--- GIVEN DATA Enclosed Below ---

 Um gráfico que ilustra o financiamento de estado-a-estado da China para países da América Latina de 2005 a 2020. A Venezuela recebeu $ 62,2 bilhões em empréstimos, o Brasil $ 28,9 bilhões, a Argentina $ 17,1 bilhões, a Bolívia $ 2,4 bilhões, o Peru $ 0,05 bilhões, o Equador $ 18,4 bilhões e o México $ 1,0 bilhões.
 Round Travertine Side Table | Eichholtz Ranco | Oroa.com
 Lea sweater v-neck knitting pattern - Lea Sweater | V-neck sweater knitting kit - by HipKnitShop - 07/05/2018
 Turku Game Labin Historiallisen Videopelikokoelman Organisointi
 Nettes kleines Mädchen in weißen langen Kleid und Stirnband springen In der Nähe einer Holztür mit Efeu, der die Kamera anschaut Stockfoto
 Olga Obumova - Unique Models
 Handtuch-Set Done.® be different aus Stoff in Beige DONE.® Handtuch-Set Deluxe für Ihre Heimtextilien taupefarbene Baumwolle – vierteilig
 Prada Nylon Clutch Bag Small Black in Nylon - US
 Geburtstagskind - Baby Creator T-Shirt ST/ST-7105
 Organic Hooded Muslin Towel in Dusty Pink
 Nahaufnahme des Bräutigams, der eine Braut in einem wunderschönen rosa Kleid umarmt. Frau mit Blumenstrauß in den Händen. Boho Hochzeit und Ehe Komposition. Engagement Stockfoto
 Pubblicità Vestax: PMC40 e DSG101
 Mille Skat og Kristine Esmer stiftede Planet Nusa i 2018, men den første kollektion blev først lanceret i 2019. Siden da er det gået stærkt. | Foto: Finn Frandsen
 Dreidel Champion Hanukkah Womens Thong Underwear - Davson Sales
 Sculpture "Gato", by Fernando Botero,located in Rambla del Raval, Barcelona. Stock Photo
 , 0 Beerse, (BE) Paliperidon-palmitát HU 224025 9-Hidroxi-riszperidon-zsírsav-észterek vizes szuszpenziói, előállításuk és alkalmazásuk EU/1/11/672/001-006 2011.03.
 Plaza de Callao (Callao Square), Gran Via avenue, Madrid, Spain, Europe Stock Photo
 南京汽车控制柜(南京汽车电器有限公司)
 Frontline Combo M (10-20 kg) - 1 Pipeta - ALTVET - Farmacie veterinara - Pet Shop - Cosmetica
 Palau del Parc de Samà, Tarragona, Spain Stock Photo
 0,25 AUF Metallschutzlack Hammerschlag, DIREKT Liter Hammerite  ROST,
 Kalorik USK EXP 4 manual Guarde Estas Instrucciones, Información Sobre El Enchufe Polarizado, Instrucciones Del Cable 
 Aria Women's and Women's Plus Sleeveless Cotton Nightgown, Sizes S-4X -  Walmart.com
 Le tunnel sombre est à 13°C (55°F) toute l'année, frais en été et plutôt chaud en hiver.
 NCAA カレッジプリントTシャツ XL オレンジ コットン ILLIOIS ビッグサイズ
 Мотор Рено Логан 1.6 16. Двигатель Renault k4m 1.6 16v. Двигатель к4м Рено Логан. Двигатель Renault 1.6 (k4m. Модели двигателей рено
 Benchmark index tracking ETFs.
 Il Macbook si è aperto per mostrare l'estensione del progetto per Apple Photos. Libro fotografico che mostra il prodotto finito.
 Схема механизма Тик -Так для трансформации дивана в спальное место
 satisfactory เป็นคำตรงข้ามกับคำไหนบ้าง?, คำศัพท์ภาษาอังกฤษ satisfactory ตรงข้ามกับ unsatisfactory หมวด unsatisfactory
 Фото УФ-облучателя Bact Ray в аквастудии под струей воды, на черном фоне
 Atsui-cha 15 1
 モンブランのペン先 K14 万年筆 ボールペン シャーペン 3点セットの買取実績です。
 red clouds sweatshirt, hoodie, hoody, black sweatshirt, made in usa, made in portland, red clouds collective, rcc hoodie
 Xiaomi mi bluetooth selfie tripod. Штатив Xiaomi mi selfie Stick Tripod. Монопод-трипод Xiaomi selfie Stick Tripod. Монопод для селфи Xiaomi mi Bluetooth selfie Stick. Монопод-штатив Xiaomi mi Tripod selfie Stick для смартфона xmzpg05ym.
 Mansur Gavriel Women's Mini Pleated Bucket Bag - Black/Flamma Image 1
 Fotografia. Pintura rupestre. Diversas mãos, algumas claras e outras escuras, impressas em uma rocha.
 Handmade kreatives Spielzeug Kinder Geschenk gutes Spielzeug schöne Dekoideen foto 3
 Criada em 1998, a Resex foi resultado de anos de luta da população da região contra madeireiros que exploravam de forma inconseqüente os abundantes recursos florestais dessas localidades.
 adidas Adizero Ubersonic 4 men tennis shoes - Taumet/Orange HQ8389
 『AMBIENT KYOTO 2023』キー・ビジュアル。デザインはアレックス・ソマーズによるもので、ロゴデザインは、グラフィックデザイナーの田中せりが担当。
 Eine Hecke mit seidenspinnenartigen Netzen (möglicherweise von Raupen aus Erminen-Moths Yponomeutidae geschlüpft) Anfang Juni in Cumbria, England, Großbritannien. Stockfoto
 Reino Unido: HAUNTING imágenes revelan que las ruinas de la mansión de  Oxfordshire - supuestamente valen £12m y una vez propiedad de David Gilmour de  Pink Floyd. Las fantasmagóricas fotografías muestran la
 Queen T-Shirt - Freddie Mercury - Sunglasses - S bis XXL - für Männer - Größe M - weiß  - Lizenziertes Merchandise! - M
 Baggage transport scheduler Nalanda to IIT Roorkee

--- End of Enclosed GIVEN DATA ---

*WHAT YOU NEED TO DO*
Above are records; repeat only the lines starting at the line with "Frontline Combo M" and ending at the line with "Xiaomi mi bluetooth selfie tripod.", exactly as they appear, both included.

*RESPONSE*
 Frontline Combo M (10-20 kg) - 1 Pipeta - ALTVET - Farmacie veterinara - Pet Shop - Cosmetica
 Palau del Parc de Samà, Tarragona, Spain Stock Photo
 0,25 AUF Metallschutzlack Hammerschlag, DIREKT Liter Hammerite  ROST,
 Kalorik USK EXP 4 manual Guarde Estas Instrucciones, Información Sobre El Enchufe Polarizado, Instrucciones Del Cable 
 Aria Women's and Women's Plus Sleeveless Cotton Nightgown, Sizes S-4X -  Walmart.com
 Le tunnel sombre est à 13°C (55°F) toute l'année, frais en été et plutôt chaud en hiver.
 NCAA カレッジプリントTシャツ XL オレンジ コットン ILLIOIS ビッグサイズ
 Мотор Рено Логан 1.6 16. Двигатель Renault k4m 1.6 16v. Двигатель к4м Рено Логан. Двигатель Renault 1.6 (k4m. Модели двигателей рено
 Benchmark index tracking ETFs.
 Il Macbook si è aperto per mostrare l'estensione del progetto per Apple Photos. Libro fotografico che mostra il prodotto finito.
 Схема механизма Тик -Так для трансформации дивана в спальное место
 satisfactory เป็นคำตรงข้ามกับคำไหนบ้าง?, คำศัพท์ภาษาอังกฤษ satisfactory ตรงข้ามกับ unsatisfactory หมวด unsatisfactory
 Фото УФ-облучателя Bact Ray в аквастудии под струей воды, на черном фоне
 Atsui-cha 15 1
 モンブランのペン先 K14 万年筆 ボールペン シャーペン 3点セットの買取実績です。
 red clouds sweatshirt, hoodie, hoody, black sweatshirt, made in usa, made in portland, red clouds collective, rcc hoodie
 Xiaomi mi bluetooth selfie tripod. Штатив Xiaomi mi selfie Stick Tripod. Монопод-трипод Xiaomi selfie Stick Tripod. Монопод для селфи Xiaomi mi Bluetooth selfie Stick. Монопод-штатив Xiaomi mi Tripod selfie Stick для смартфона xmzpg05ym.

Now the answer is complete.